Rashi vs. Rambam on "The Day"

Rashi (on Nedarim 60a) often emphasizes the linguistic drift, focusing on how everyday speech deviates from the Torah's precision. For Rashi, the ambiguity is a sign of human imperfection that the law must mitigate. Rambam, conversely, views these laws as a system of classification. He is less interested in why we are imprecise and more interested in how we create a stable, predictable legal reality from that imprecision. Rambam’s focus is on the resultant status of the person: once the vow is spoken, it becomes an objective reality that overrides the speaker’s later confusion.

The Radbaz and the "Local" Reality

The Radbaz, a seminal commentator on Rambam, often challenges Rambam's rigid adherence to agricultural cycles when they seem counterintuitive. While Rambam ties the vow to the place of origin, the Radbaz pushes back, asking whether a vow taken in ignorance of local conditions—like a person vowing "until the rains" without knowing the local climate—should be held to the standard of a local expert or the speaker’s own limited knowledge. This debate highlights the core tension: is the law an objective, external reality, or is it a reflection of the speaker's subjective, and often flawed, understanding of the world?

Practice Implication

This section shapes decision-making by demanding meticulousness in communication.
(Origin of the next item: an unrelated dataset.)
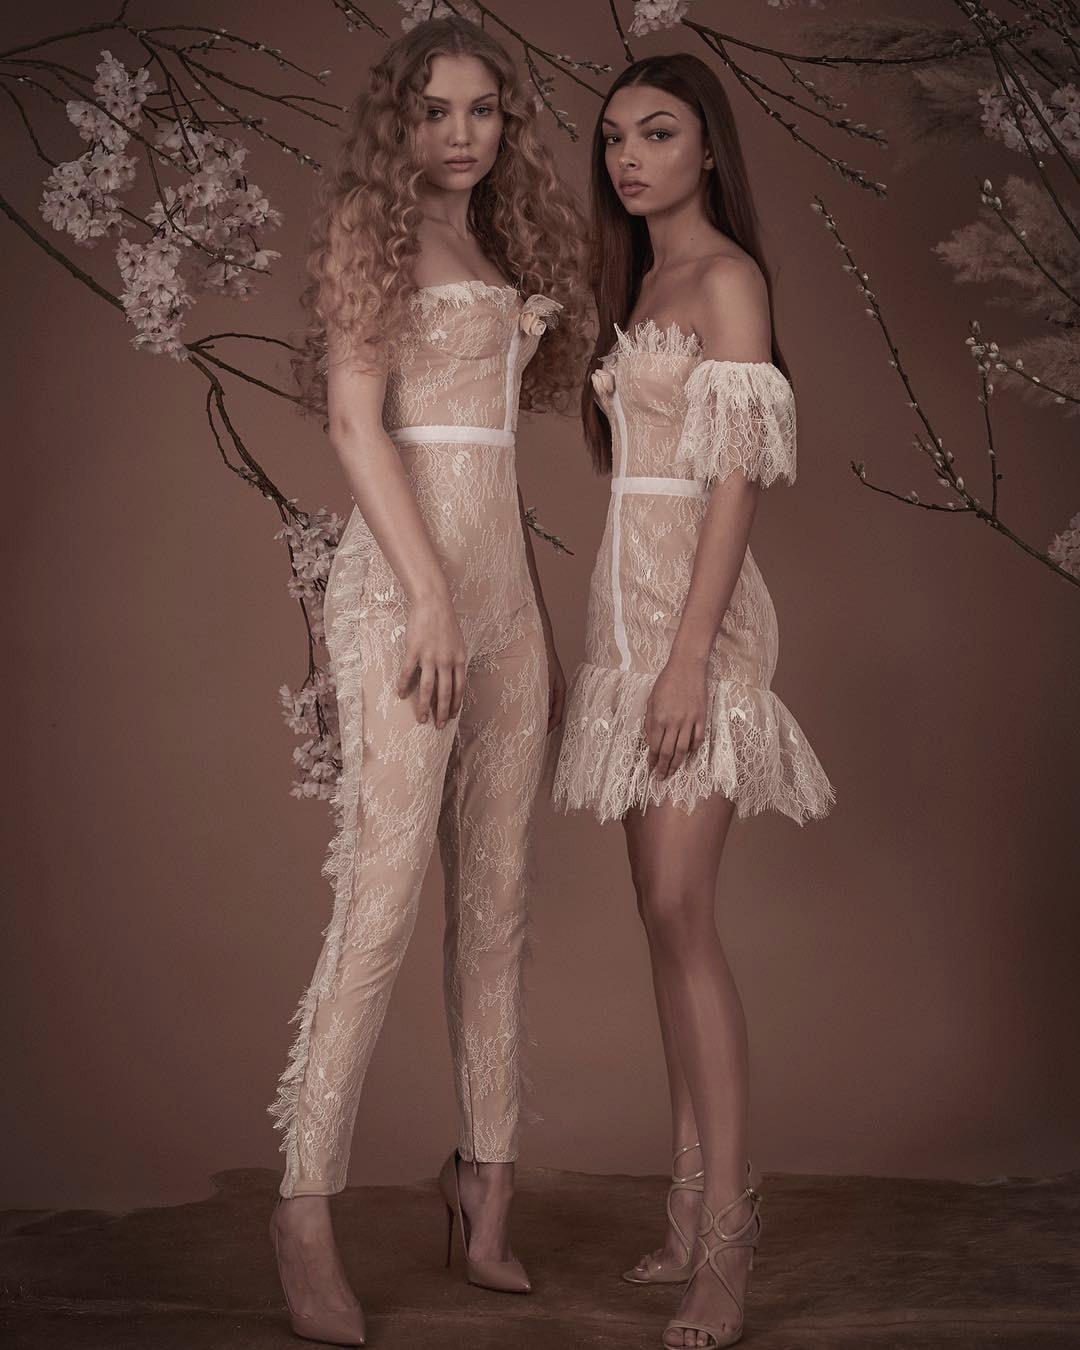 White Lace Slash Neck Fashion Sexy Rayon Bandage Dress High Quality Club Party Dress

In modern life, we make "vows" daily—deadlines, commitments, and resolutions. Rambam teaches us that if we are vague ("I'll finish this by the end of the week"), we are creating a legal and moral liability for ourselves. The practice of "asking a sage" is, in modern terms, the practice of accountability. When we realize our commitments are ambiguous, we shouldn't just hope for the best; we should proactively clarify or retract to avoid the trap of our own imprecise language.

Chevruta Mini

  1. If a vow’s duration is based on a "fixed time" (like Pesach) vs. a "variable time" (like a harvest), does the difference in the source of the date change the sanctity of the vow? Why might Rambam treat a harvest-vow differently than a holiday-vow?
  2. Rambam says a father can nullify his daughter's vows, but a husband cannot nullify vows taken before marriage. What does this suggest about the "independence" of a person's word—is it something that can be "owned" or "transferred" between family members, or is the word inherently personal?

Takeaway

Your words create a lasting reality; in the absence of precision, the law will hold you to the most stringent interpretation to protect the integrity of your oath.